<<<<

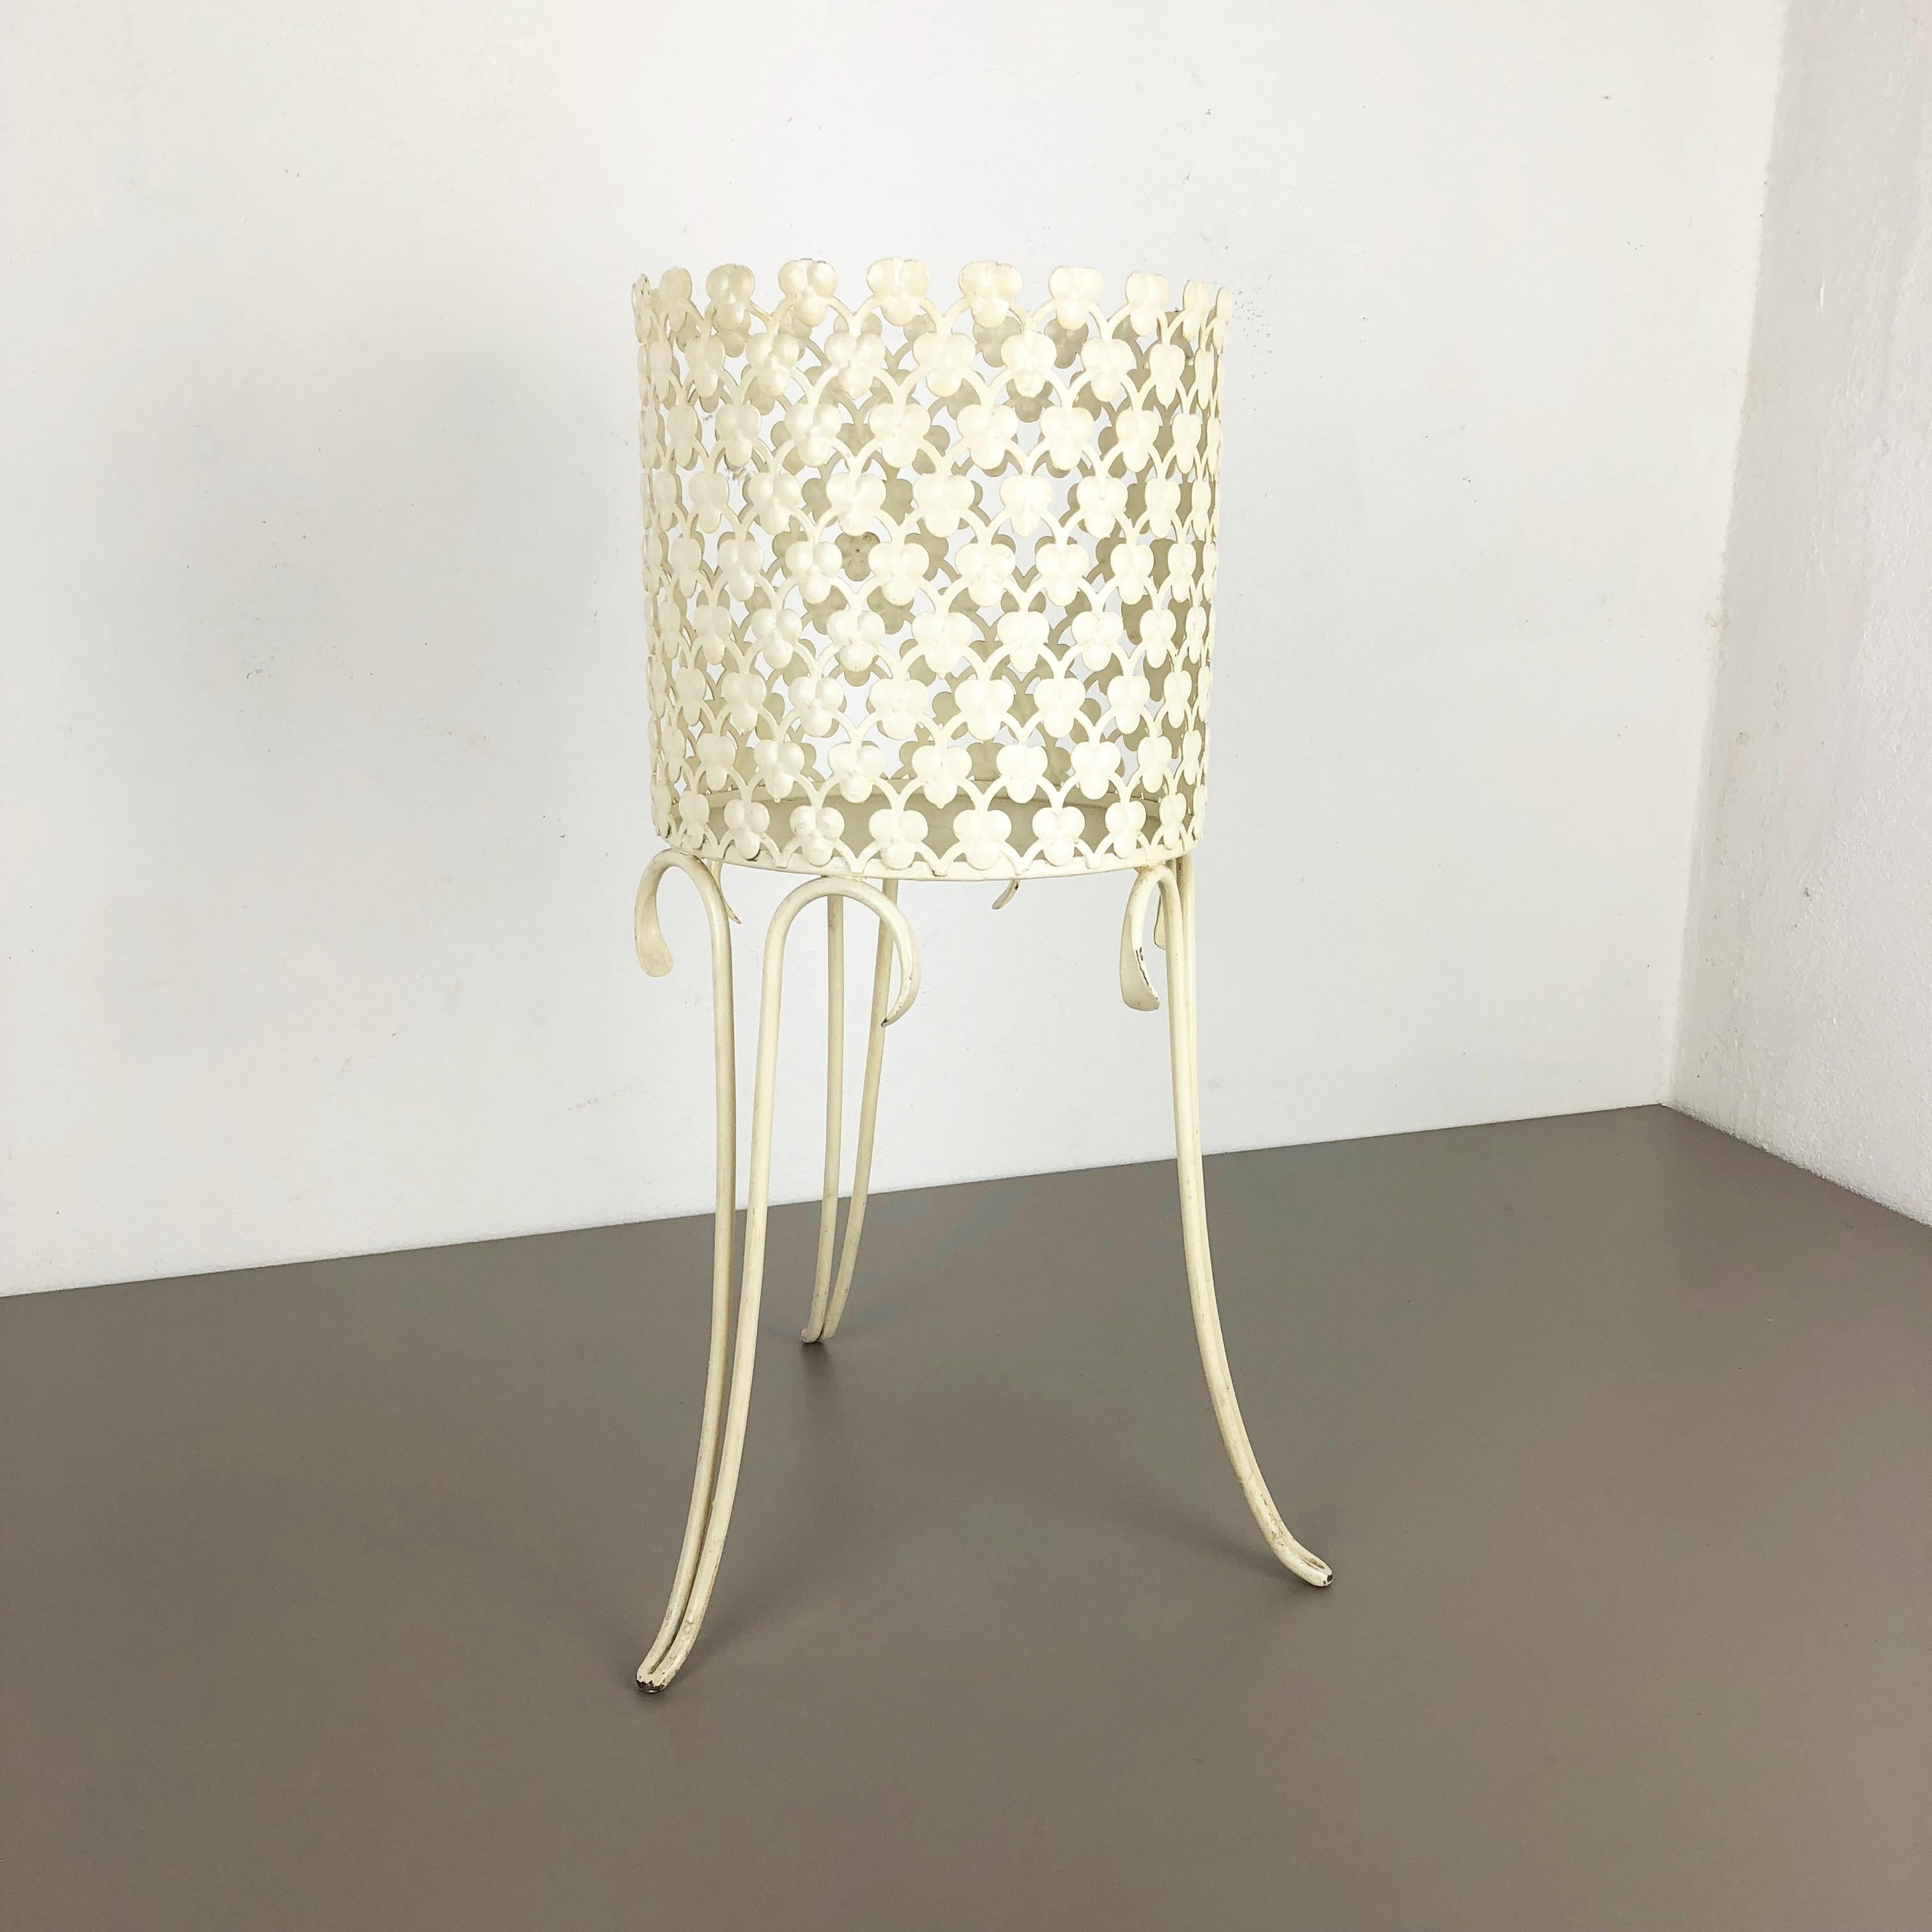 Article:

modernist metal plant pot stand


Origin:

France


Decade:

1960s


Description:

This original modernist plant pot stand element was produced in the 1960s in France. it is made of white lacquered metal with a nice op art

>>>>

* [Work required] An exact reproduction of all the records is required, with no pictures included.

* [Output]
 Article:

modernist metal plant pot stand


Origin:

France


Decade:

1960s


Description:

This original modernist plant pot stand element was produced in the 1960s in France. it is made of white lacquered metal with a nice op art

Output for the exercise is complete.